What Are Growth Metrics Telling Us About The Low P/E?

The only time you'd be truly comfortable seeing a P/E as low as Arman Financial Services' is when the company's growth is on track to lag the market.

If we review the last year of earnings growth, the company posted a terrific increase of 81%. Pleasingly, EPS has also lifted 597% in aggregate from three years ago, thanks to the last 12 months of growth. So we can start by confirming that the company has done a great job of growing earnings over that time.

Comparing that to the market, which is only predicted to deliver 9.8% growth in the next 12 months, the company's momentum is stronger based on recent medium-term annualised earnings results.

With this information, we find it odd that Arman Financial Services is trading at a P/E lower than the market.
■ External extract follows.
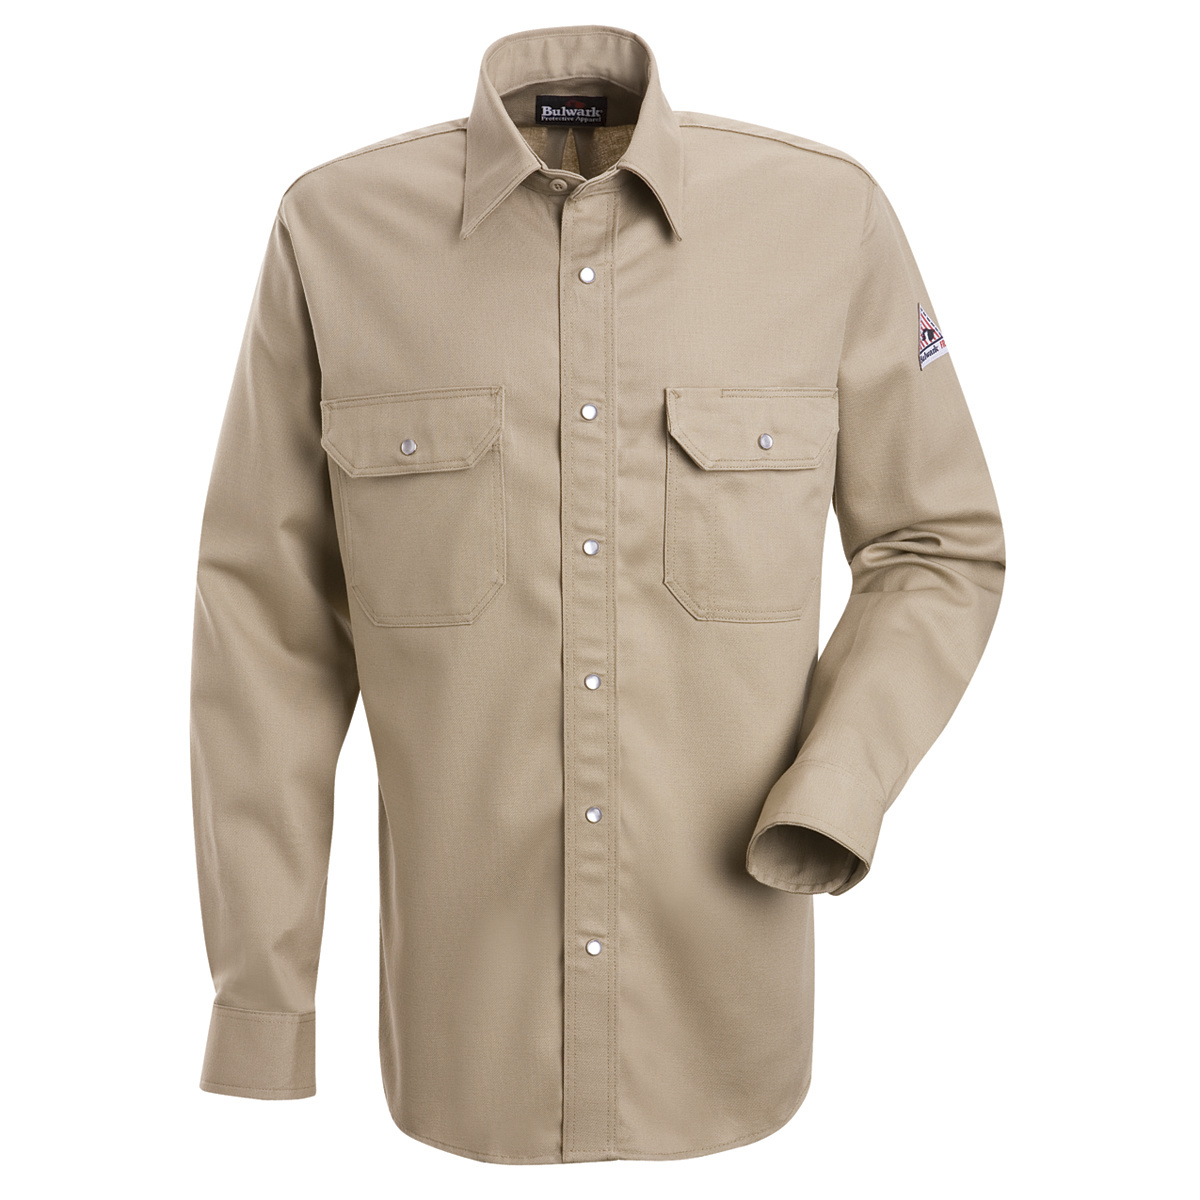 Bulwark® Medium Regular Tan EXCEL FR® Cotton Flame Resistant Uniform Shirt With Snap Front Closure
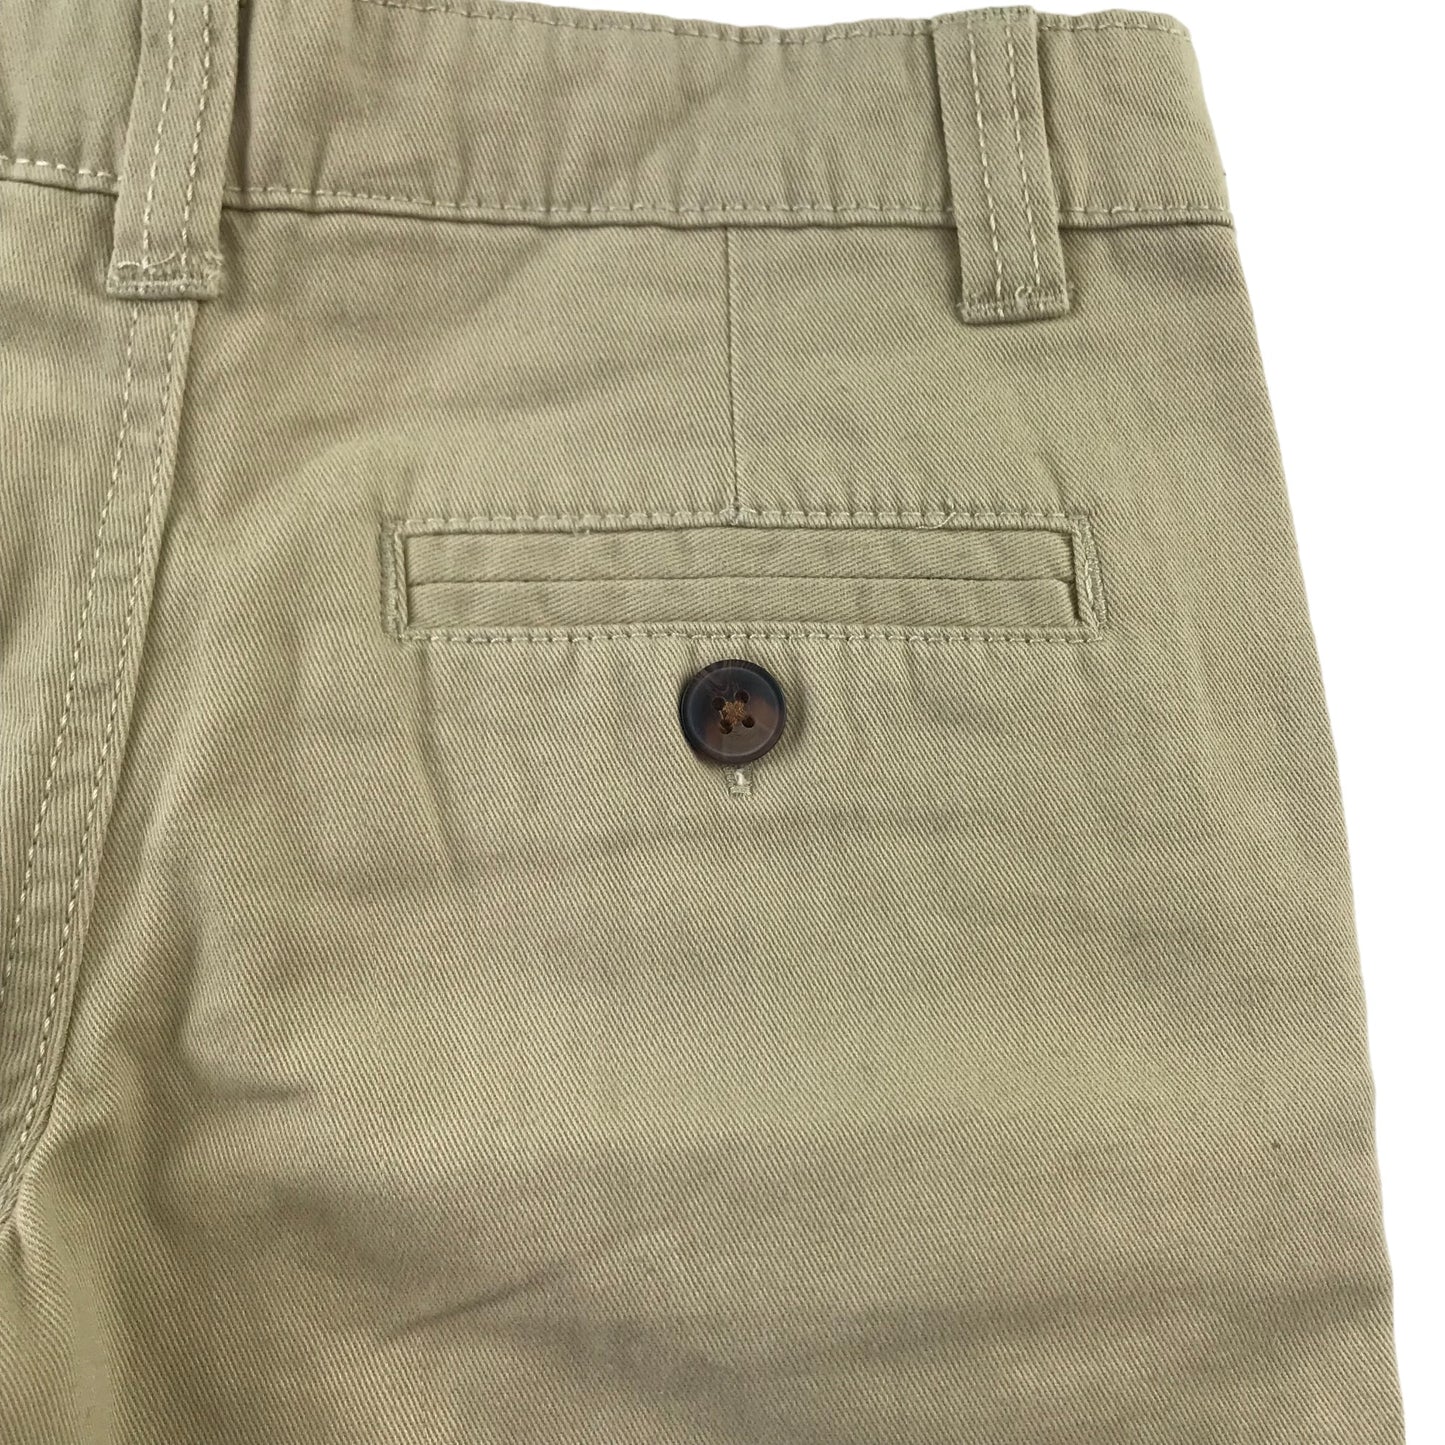 Primark shorts 5-6 years beige plain chino style cotton

It looks like most investors are not convinced the company can maintain its recent growth rates.

The Bottom Line On Arman Financial Services' P/E

It's argued the price-to-earnings ratio is an inferior measure of value within certain industries, but it can be a powerful business sentiment indicator.

We've established that Arman Financial Services currently trades on a much lower than expected P/E since its recent three-year growth is higher than the wider market forecast. When we see strong earnings with faster-than-market growth, we assume potential risks are what might be placing significant pressure on the P/E ratio. At least price risks look to be very low if recent medium-term earnings trends continue, but investors seem to think future earnings could see a lot of volatility.

Before you take the next step, you should know about the 5 warning signs for Arman Financial Services (1 makes us a bit uncomfortable!) that we have uncovered.

Of course, you might find a fantastic investment by looking at a few good candidates. So take a peek at this free list of companies with a strong growth track record, trading on a P/E below 20x.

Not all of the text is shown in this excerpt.